Problem requirements: Start at the line in the entries below that contains "Lanvin Alber Elbaz", stop at the line that contains "Preventing the Disorder", and output exactly the lines in that span, both ends included.

[[ Provided data, beginning ]]

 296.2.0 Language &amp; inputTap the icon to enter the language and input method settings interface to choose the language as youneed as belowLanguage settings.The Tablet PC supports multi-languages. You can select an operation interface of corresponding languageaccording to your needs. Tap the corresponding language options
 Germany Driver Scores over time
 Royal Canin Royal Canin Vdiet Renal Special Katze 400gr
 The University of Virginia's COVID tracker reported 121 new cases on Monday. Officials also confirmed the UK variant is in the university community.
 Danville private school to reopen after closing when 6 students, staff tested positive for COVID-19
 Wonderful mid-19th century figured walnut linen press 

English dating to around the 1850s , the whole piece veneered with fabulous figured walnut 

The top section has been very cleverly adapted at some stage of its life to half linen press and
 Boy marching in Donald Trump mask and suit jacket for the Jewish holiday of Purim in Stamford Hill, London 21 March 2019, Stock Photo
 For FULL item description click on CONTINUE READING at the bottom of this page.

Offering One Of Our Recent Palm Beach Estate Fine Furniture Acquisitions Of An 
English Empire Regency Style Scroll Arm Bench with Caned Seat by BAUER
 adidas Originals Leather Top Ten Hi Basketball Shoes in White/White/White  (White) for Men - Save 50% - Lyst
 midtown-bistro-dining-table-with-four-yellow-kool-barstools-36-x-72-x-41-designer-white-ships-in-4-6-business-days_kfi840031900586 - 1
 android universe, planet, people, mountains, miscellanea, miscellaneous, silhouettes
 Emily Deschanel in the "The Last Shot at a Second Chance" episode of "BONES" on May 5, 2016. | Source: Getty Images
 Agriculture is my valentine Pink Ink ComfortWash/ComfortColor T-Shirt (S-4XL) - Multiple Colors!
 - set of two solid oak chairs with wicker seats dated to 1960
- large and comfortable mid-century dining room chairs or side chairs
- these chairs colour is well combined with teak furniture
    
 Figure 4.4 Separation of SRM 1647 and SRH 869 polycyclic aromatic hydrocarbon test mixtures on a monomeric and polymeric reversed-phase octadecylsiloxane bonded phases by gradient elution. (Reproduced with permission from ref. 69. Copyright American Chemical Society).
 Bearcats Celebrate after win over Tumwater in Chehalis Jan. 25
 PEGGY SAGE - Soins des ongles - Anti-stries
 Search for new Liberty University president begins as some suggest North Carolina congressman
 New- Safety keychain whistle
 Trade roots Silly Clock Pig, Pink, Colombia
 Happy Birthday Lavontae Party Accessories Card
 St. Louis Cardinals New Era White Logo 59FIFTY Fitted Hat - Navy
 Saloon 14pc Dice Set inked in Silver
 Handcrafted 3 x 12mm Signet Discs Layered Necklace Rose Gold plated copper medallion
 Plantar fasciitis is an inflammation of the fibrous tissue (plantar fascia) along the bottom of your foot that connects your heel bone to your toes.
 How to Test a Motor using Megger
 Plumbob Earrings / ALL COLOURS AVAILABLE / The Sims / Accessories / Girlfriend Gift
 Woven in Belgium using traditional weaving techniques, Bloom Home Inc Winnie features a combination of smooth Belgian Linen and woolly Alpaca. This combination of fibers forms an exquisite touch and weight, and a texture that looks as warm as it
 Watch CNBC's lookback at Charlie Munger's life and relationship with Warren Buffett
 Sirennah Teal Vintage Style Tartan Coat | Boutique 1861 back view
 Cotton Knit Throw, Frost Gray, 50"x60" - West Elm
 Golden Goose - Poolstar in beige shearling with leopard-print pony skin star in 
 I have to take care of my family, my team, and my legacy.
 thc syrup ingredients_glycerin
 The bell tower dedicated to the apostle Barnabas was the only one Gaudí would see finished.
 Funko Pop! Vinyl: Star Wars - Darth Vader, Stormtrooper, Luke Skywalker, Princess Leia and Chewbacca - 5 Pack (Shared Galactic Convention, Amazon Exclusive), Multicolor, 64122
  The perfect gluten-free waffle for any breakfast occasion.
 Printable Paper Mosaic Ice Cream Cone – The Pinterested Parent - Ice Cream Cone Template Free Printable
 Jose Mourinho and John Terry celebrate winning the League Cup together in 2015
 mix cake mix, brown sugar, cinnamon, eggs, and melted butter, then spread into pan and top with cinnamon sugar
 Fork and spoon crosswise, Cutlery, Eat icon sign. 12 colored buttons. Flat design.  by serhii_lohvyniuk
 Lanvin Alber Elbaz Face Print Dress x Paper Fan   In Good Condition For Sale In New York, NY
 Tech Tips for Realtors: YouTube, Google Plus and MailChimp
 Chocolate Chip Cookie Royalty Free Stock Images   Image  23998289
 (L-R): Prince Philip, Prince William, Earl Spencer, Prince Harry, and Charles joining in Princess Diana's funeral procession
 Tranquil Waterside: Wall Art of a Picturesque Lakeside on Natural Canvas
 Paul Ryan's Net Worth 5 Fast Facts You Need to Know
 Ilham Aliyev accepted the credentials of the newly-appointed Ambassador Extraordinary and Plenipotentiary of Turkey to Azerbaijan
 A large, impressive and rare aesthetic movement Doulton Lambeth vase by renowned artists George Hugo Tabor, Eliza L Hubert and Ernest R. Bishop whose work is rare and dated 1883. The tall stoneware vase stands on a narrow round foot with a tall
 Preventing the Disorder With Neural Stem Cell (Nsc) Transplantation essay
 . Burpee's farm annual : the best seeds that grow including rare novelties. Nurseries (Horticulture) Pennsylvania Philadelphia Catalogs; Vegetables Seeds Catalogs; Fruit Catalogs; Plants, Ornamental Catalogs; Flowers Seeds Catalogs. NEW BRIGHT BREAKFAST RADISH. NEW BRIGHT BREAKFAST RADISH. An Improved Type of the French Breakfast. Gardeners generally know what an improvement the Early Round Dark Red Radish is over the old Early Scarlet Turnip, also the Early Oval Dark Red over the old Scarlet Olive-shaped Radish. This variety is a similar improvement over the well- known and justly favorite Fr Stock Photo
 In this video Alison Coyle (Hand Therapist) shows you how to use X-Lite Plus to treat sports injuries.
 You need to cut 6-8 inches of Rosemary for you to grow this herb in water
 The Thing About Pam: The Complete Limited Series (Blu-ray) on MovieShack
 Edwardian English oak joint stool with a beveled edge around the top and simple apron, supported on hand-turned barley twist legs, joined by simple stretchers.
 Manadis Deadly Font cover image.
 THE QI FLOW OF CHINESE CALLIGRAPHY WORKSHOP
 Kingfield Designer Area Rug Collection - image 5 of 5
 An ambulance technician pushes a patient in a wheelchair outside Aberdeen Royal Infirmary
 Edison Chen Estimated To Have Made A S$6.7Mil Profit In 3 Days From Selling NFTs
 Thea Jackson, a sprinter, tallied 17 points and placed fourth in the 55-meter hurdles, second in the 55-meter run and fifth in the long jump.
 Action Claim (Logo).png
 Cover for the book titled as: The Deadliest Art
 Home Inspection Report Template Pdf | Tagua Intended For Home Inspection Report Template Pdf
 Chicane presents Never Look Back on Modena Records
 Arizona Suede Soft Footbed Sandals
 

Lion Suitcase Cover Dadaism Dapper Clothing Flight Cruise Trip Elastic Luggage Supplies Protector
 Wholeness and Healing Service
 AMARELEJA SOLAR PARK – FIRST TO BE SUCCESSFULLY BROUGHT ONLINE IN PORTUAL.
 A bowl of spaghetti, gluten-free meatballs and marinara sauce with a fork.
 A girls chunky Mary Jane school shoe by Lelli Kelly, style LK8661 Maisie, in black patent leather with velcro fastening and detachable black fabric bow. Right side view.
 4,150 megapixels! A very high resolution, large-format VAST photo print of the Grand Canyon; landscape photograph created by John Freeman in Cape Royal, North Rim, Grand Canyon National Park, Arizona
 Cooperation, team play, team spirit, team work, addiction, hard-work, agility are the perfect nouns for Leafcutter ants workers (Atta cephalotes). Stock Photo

[[ Provided data, end ]]

Task output:
 Lanvin Alber Elbaz Face Print Dress x Paper Fan   In Good Condition For Sale In New York, NY
 Tech Tips for Realtors: YouTube, Google Plus and MailChimp
 Chocolate Chip Cookie Royalty Free Stock Images   Image  23998289
 (L-R): Prince Philip, Prince William, Earl Spencer, Prince Harry, and Charles joining in Princess Diana's funeral procession
 Tranquil Waterside: Wall Art of a Picturesque Lakeside on Natural Canvas
 Paul Ryan's Net Worth 5 Fast Facts You Need to Know
 Ilham Aliyev accepted the credentials of the newly-appointed Ambassador Extraordinary and Plenipotentiary of Turkey to Azerbaijan
 A large, impressive and rare aesthetic movement Doulton Lambeth vase by renowned artists George Hugo Tabor, Eliza L Hubert and Ernest R. Bishop whose work is rare and dated 1883. The tall stoneware vase stands on a narrow round foot with a tall
 Preventing the Disorder With Neural Stem Cell (Nsc) Transplantation essay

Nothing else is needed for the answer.